*Input data*.
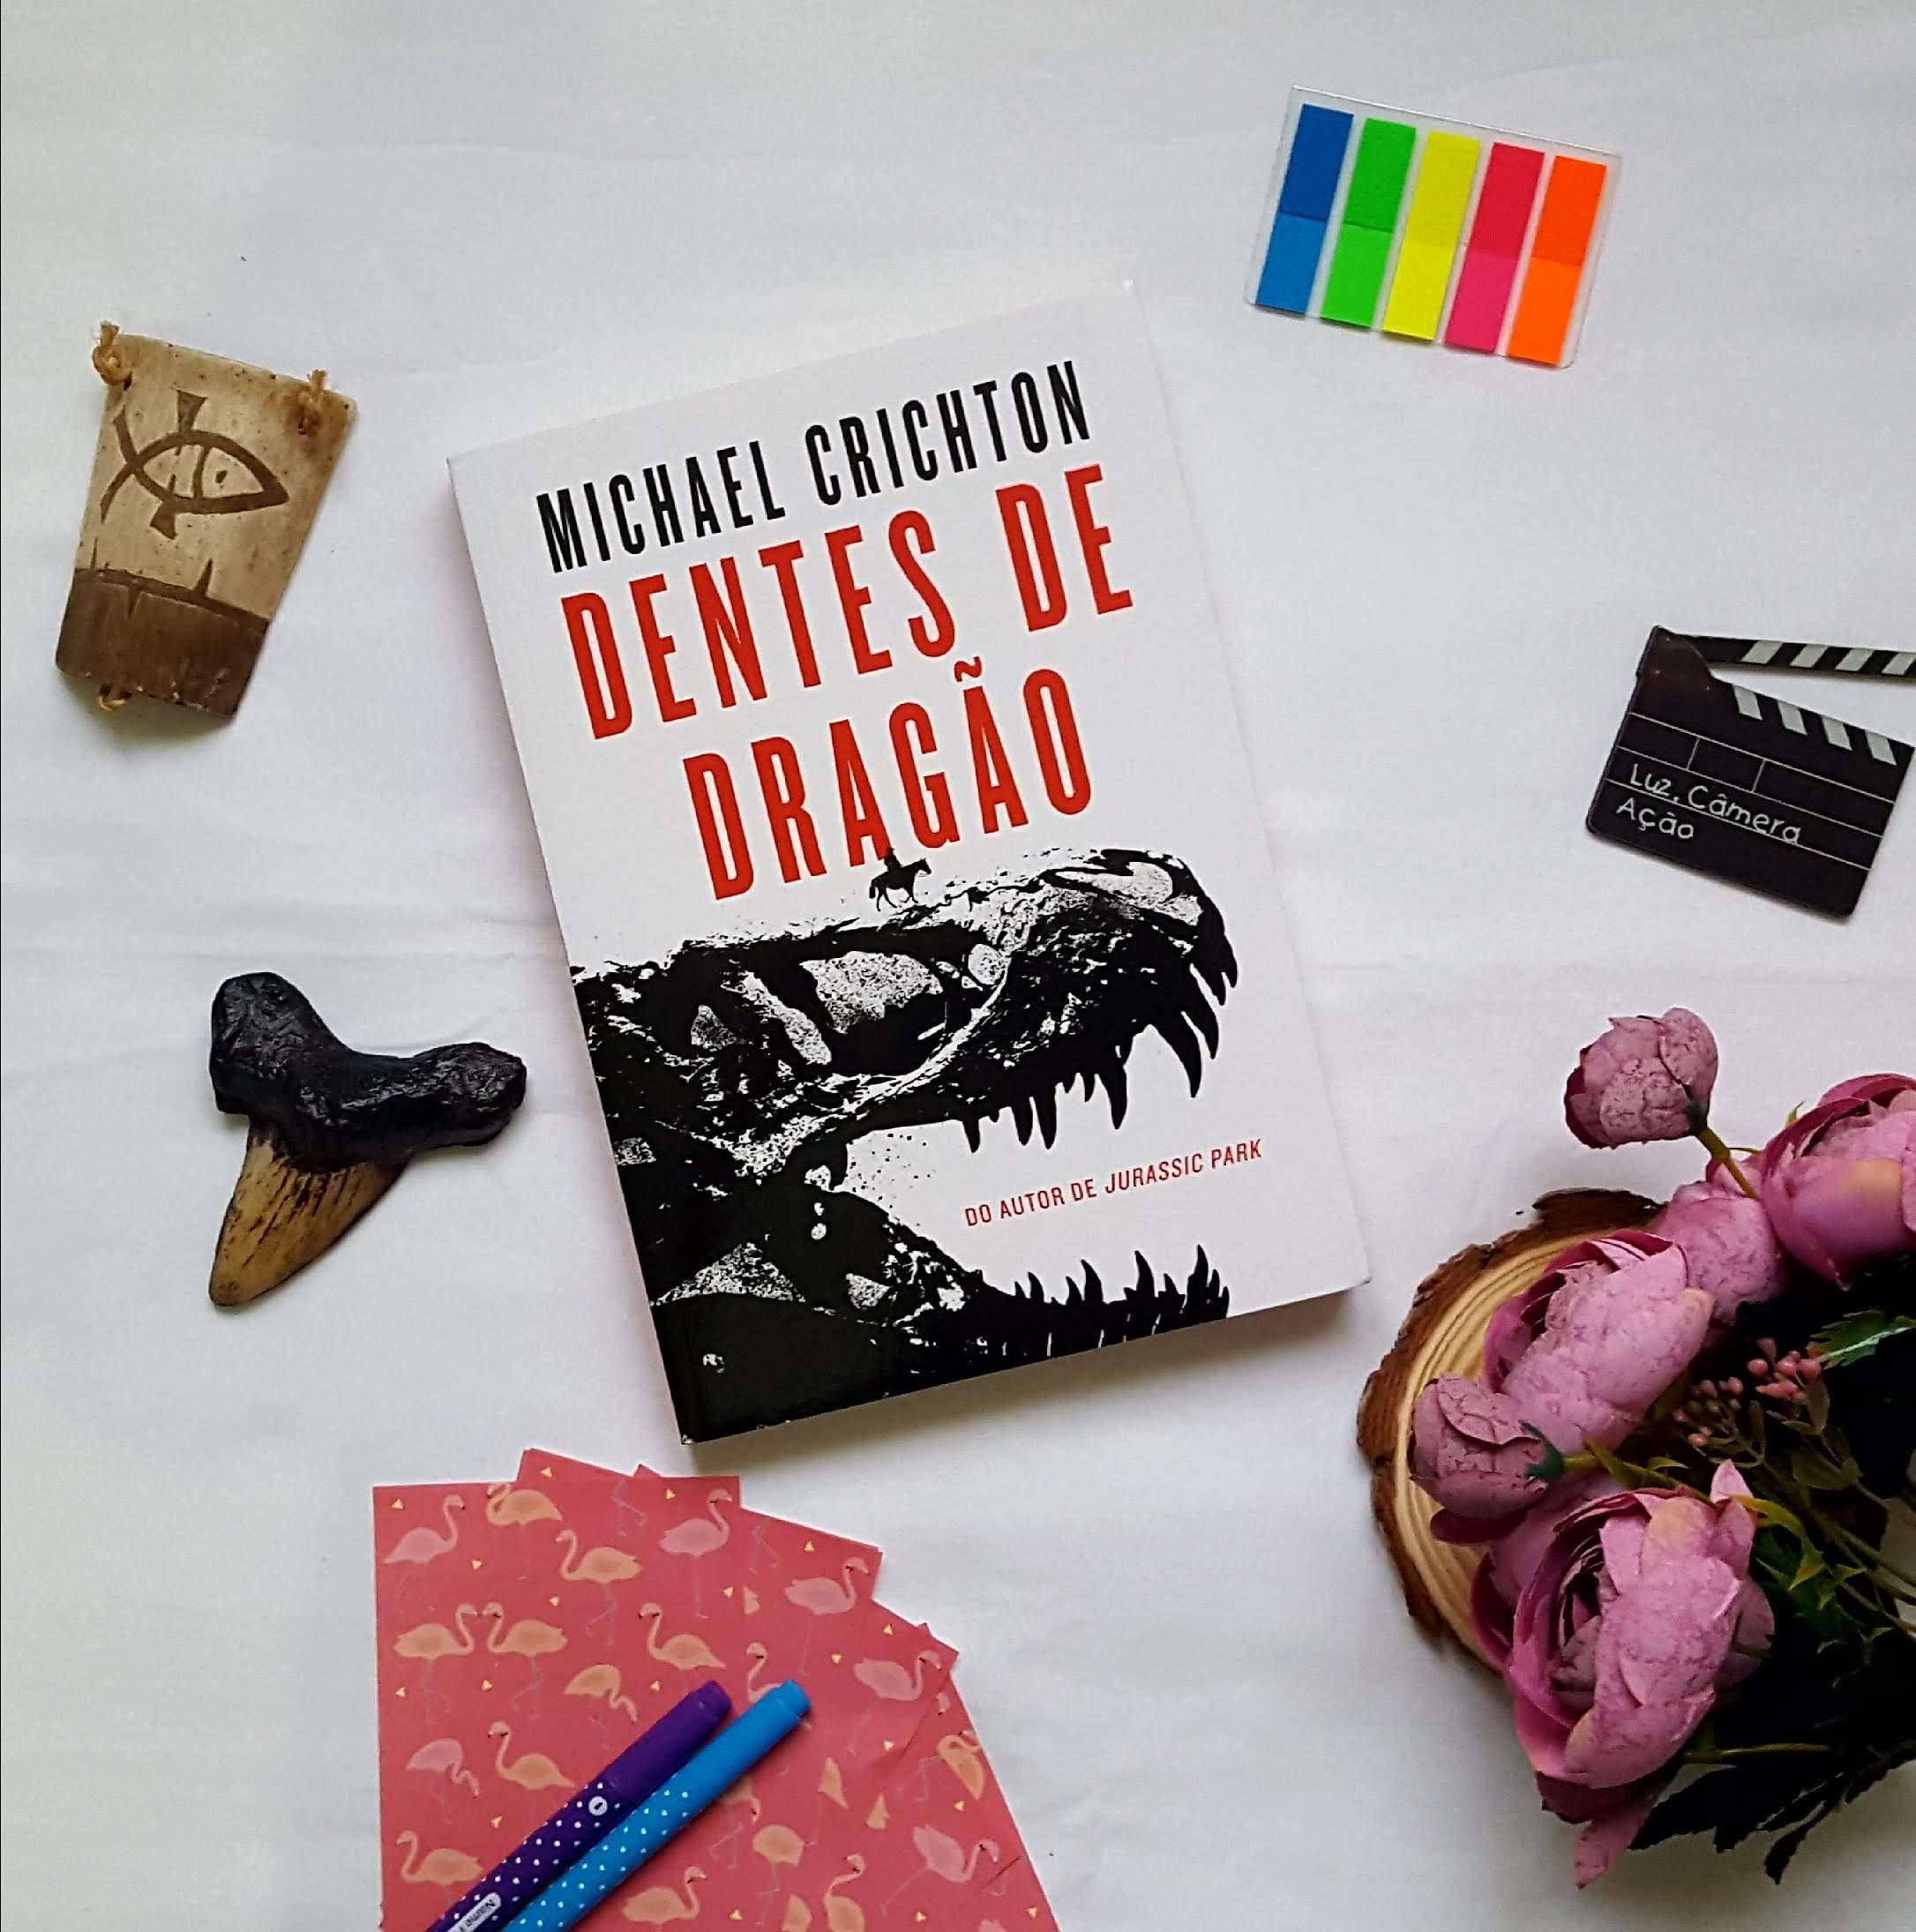 Dentes de dragão | Michael Crichton
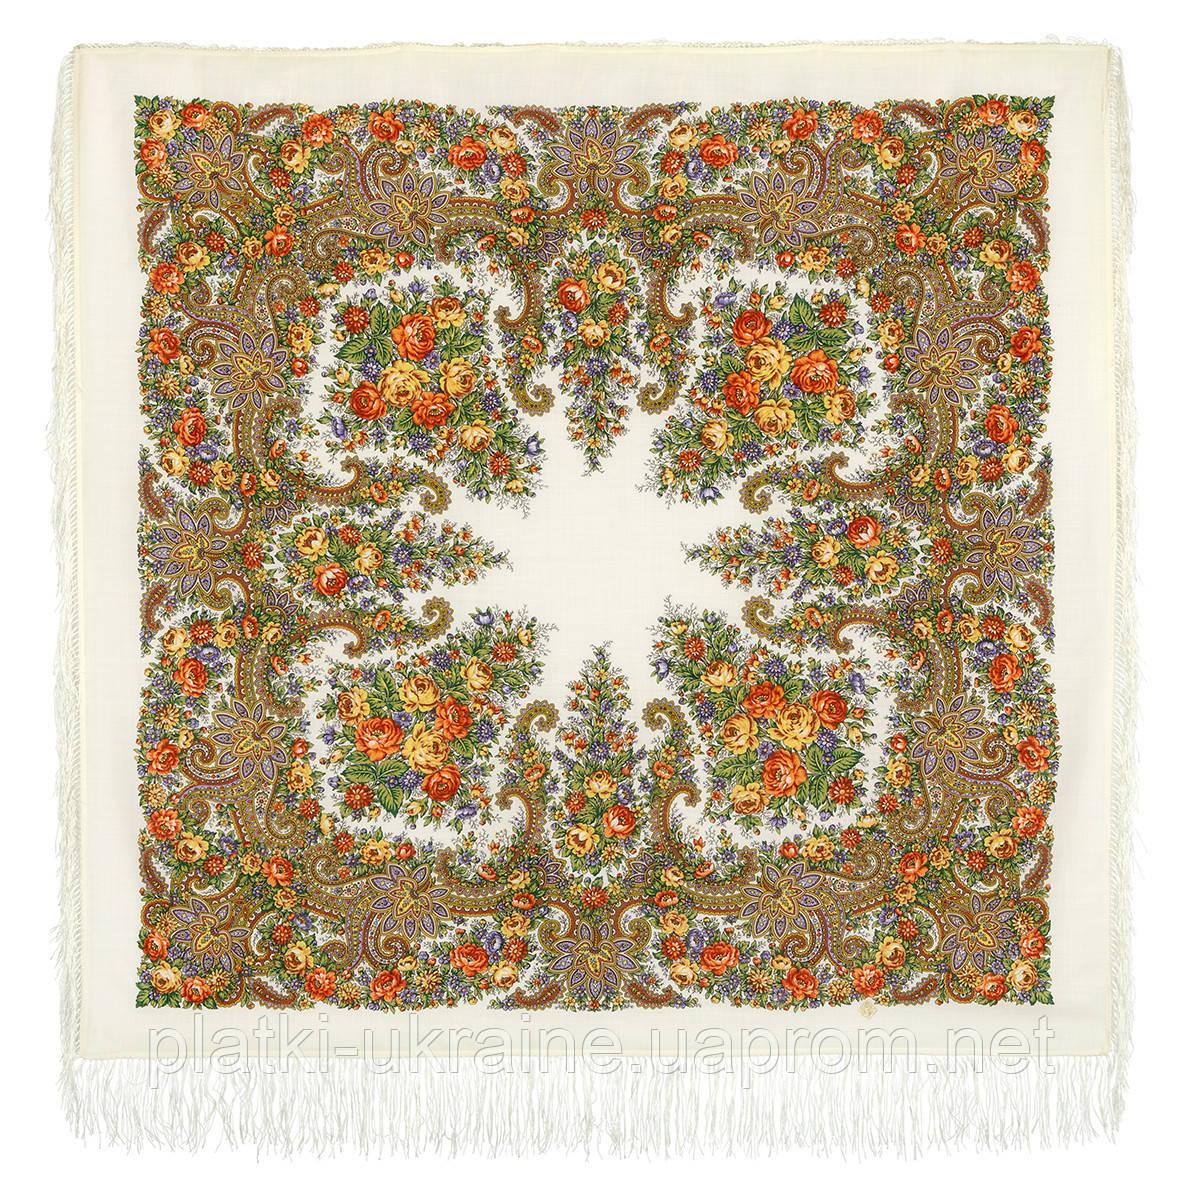 "Платок шерстяной с шелковой бахромой ""Лира"", вид 1, 125х125 см"
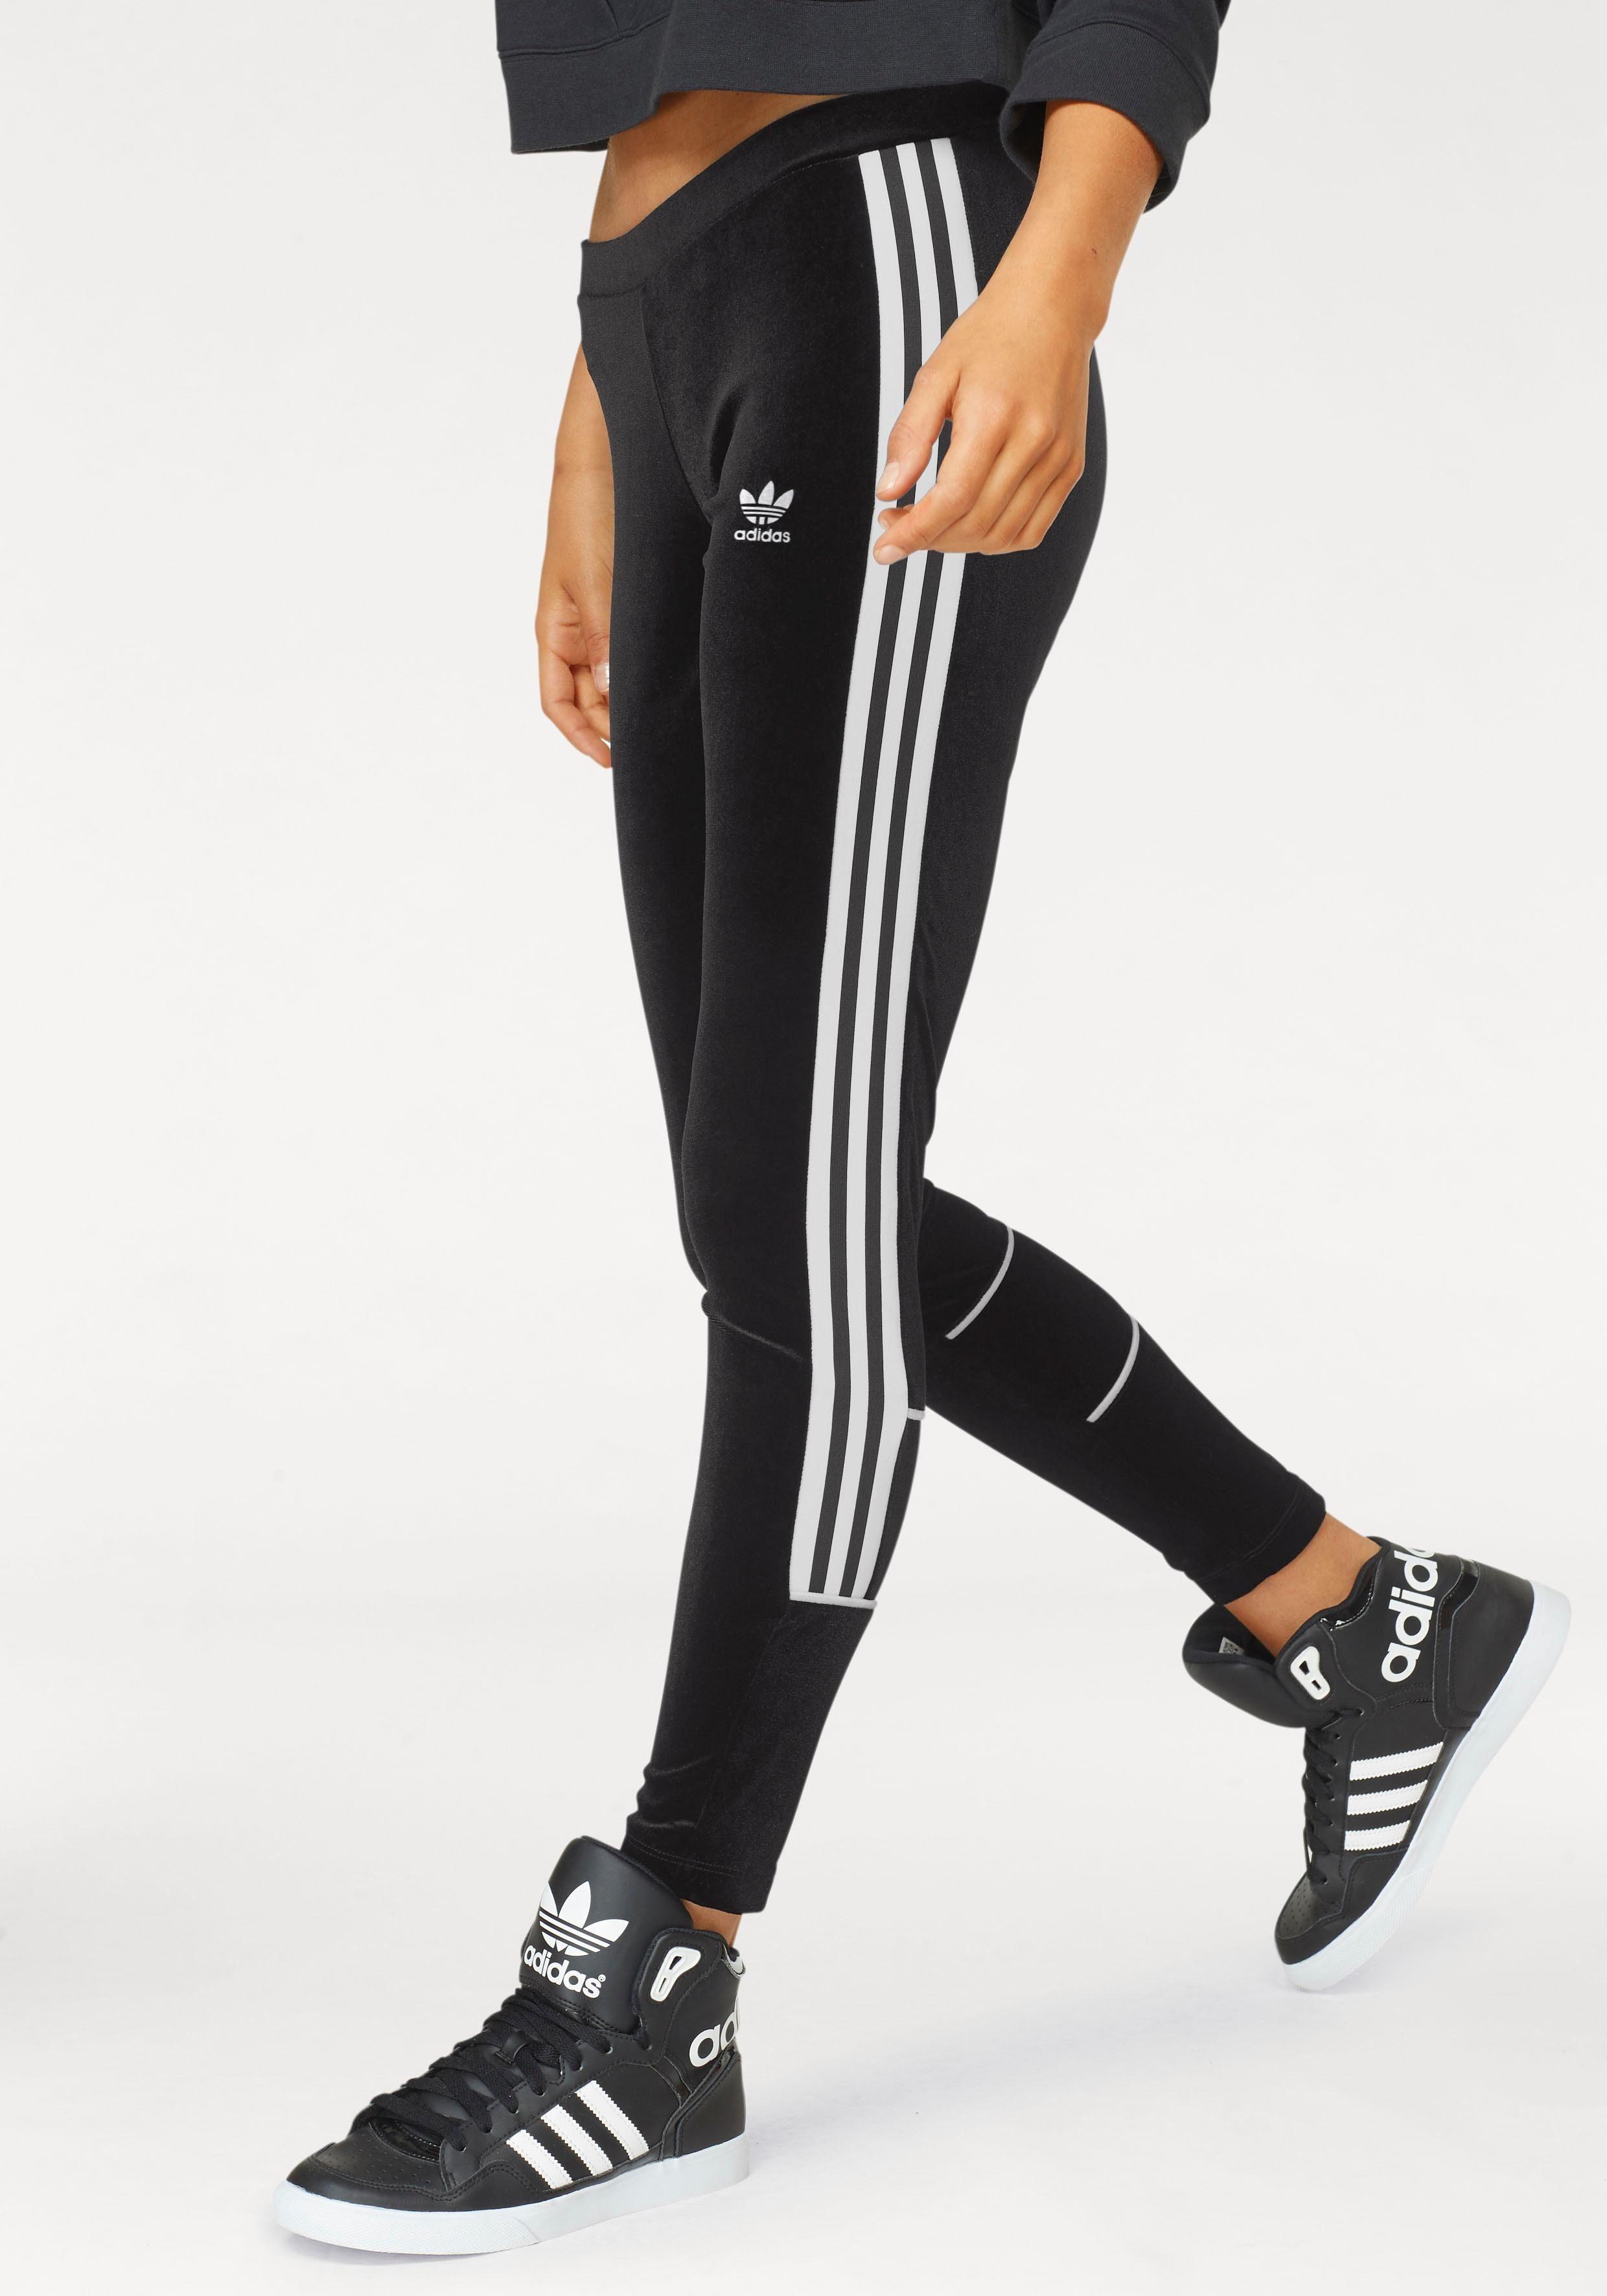 adidas Originals Nickihose »Leggings« kaufen | OTTO

*Task item*.
Leave every picture out and print exactly the lines from the one that contains "шерстяной с шелковой" through the last line of the material above.

*Written answer*.
 "Платок шерстяной с шелковой бахромой ""Лира"", вид 1, 125х125 см"
 adidas Originals Nickihose »Leggings« kaufen | OTTO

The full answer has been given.